The Sparrow Search Algorithm (SSA) is recognized for its rapid convergence and precision in engineering optimization, yet it faces the challenge of premature convergence on complex problems. To address this, a multi-strategy improved sparrow search algorithm (MISSA) is proposed to enhance the optimization performance and applicability in this study. For the first time in the algorithm, the first definition of ellipses is integrated into SSA to balance its exploration and exploitation capabilities. A group co-evolutionary mechanism is introduced to promote population diversity and suppress premature convergence.
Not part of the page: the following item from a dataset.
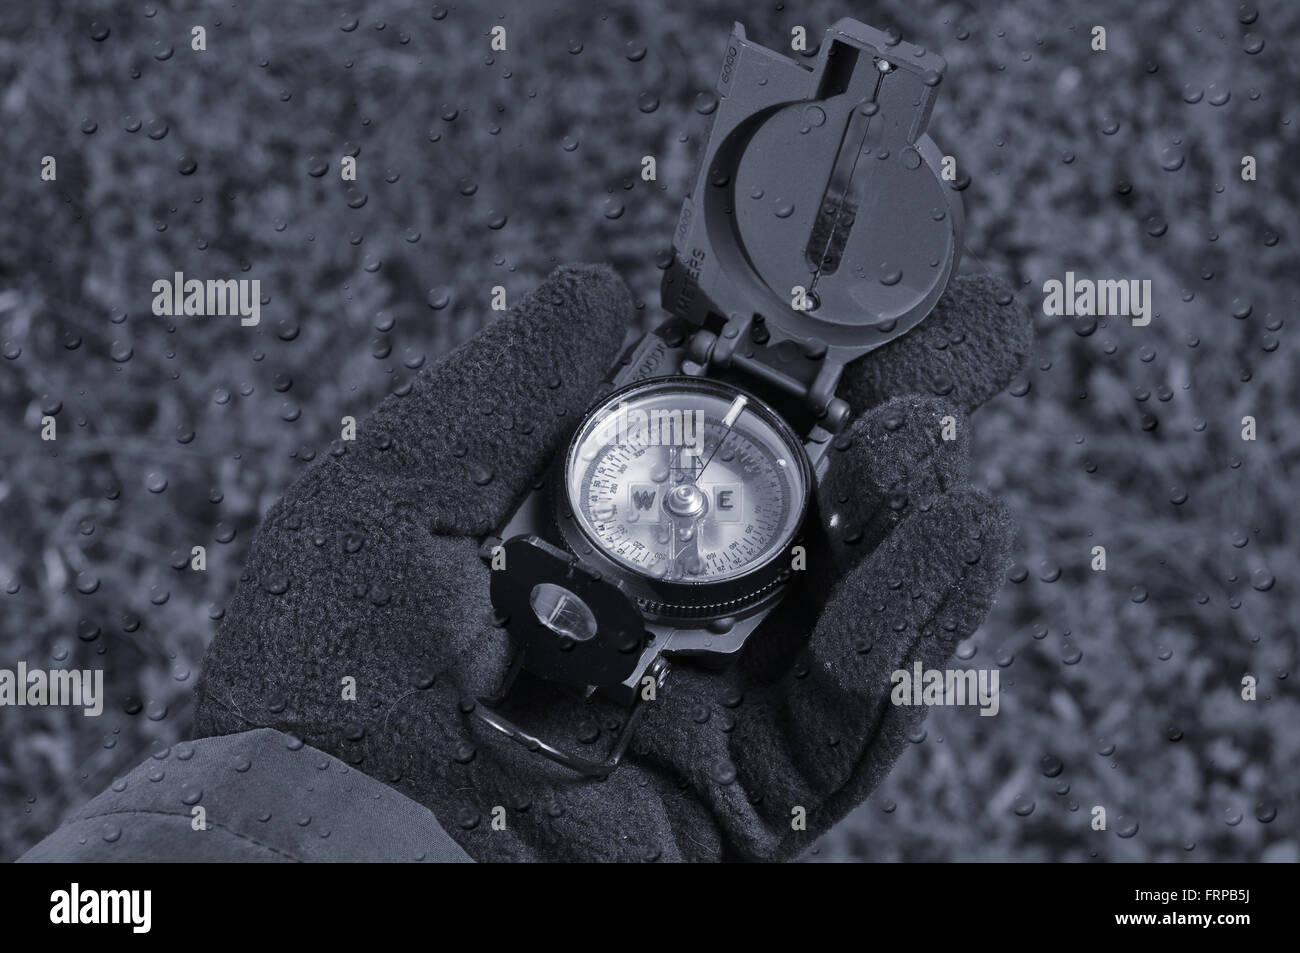 Handling a military compass. Survival, outdoors and military monochrome theme Stock Photo

Unlike most existing work, ablation experiments are utilized to evaluate the effective impact of these enhancement strategies on SSA. Statistical results based on the Wilcoxon signed-rank test and Friedman test show that the dynamic regulator based on the first definition of ellipses has the greatest impact on improving the performance of SSA. Numerical experiments based on the CEC2017 benchmark problems are used as an optimization case to compare MISSA with the classical metaheuristic algorithm and other state-of-the-art variants of SSA. The results demonstrate the outstanding performance and immense potential of MISSA in problem-solving. The applicability of the proposed algorithm is validated through six actual engineering optimization problems, showcasing strong competitiveness in global optimization.

Abstract Image

基于椭圆第一定义和群体协同进化机制的工程优化问题多策略改进麻雀搜索算法
麻雀搜索算法(SSA)因其在工程优化中的快速收敛性和精确性而得到广泛认可,但在复杂问题上却面临着过早收敛的挑战。针对这一问题,本研究提出了一种多策略改进麻雀搜索算法(MISSA),以提高其优化性能和适用性。该算法首次将椭圆的第一定义集成到 SSA 中,以平衡其探索和利用能力。该算法还引入了群体协同进化机制,以促进群体多样性并抑制过早收敛。与大多数现有研究不同的是,我们利用消融实验来评估这些增强策略对 SSA 的有效影响。基于 Wilcoxon 符号秩检验和 Friedman 检验的统计结果表明,基于椭圆第一定义的动态调节器对提高 SSA 性能的影响最大。基于 CEC2017 基准问题的数值实验作为优化案例,将 MISSA 与经典元启发式算法及其他最先进的 SSA 变体进行了比较。结果证明了 MISSA 在解决问题方面的出色表现和巨大潜力。通过六个实际工程优化问题验证了所提算法的适用性,展示了其在全球优化领域的强大竞争力。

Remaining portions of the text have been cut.